County registrars say they've been told the new system, dubbed VoteCal, won't be ready before 2015 or 2016. That means not before the state goes through another presidential and gubernatorial election cycle, at minimum.
Justifiably frustrated by the lack of progress and by what many complain is a lack of leadership from Secretary of State Debra Bowen, county registrars sponsored Senate Bill 397 this year to authorize an interim online registration system. The system would allow voters to register or update their existing registrations on-line using signatures already on file with the California Department of Motor Vehicles. The DMV would transfer the signatures to the secretary of state, who would in turn deliver them to the counties, who could enter the information electronically.
Online registration would allow counties to avoid the inevitable paper crush when hundreds of thousands of citizens attempt to register just days or weeks before a presidential primary or general election. Registrars pushed hard to get the new online system in place by Jan. 1, only to run into opposition from Bowen. She initially claimed her office lacked the time and funding to implement it.

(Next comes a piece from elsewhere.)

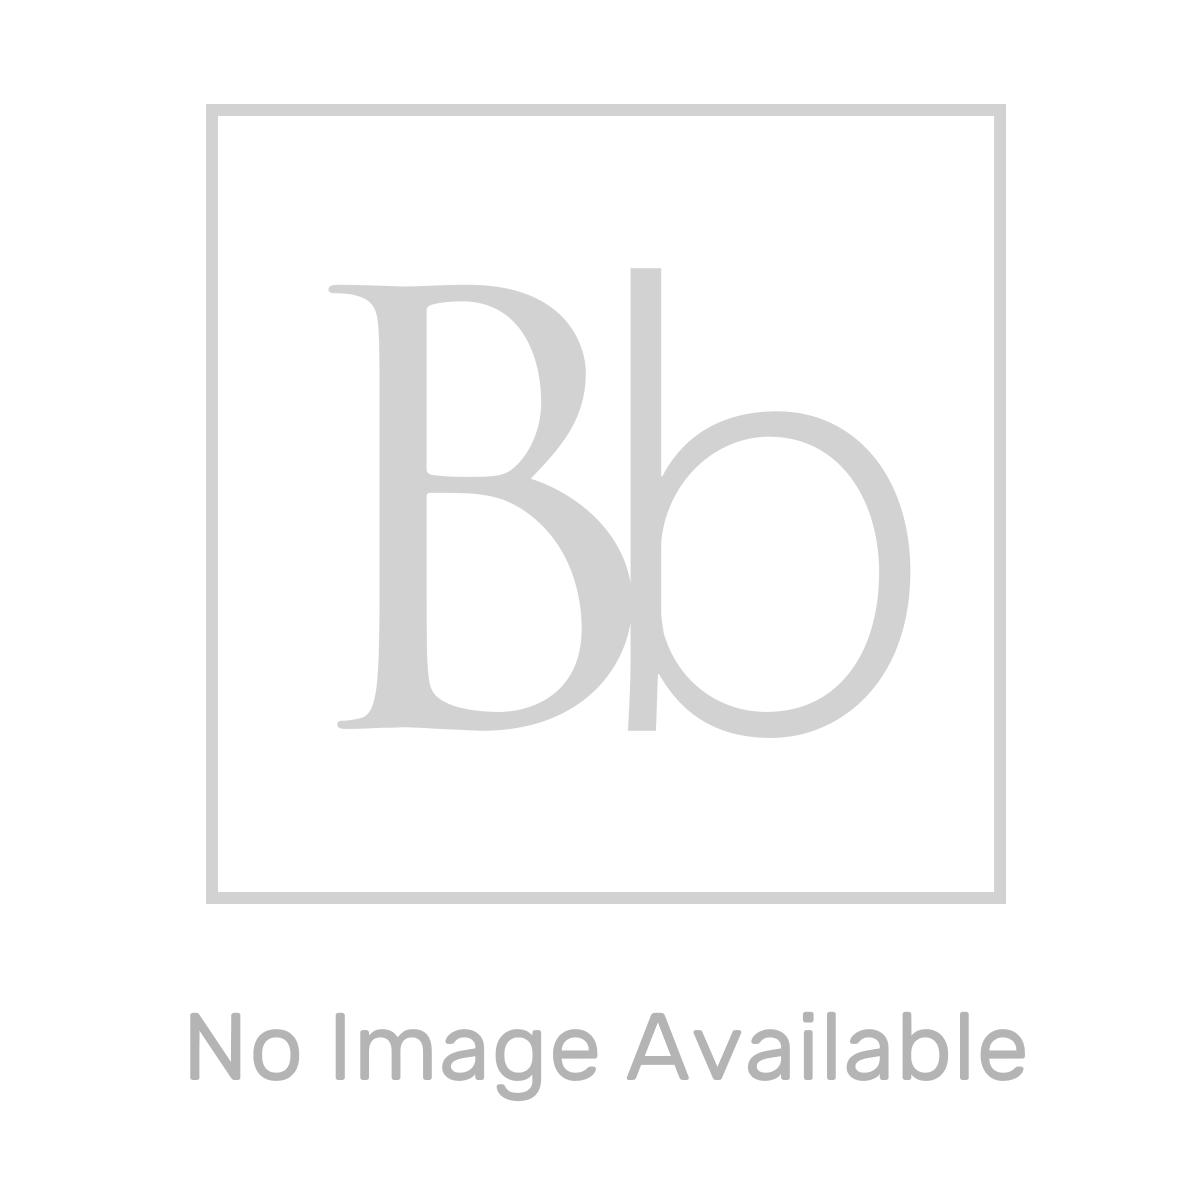 Nymas Stainless Steel Dark Blue Grab Rail

After the bill was amended to allow her to use federal funds, she did urge the governor to sign it. But it's still unclear that the online system will be up and running in time for the June primary. Bowen should make that a priority.
She campaigned as a tech-savvy innovator but has failed to significantly update or improve the state's clunky elections system. She blames the state's size and complexity and a cumbersome state government procurement process that requires her office to get clearance from both the Department of General Services and the California Office of Technology before it can take action.
She's right about the obstacles. Nonetheless, after five years in office and tens of millions in state and federal funds expended, the public is weary of excuses. Californians want and deserve a modern election system, one that allows them to do at least what voters in Oregon, Washington and Arizona can do register online.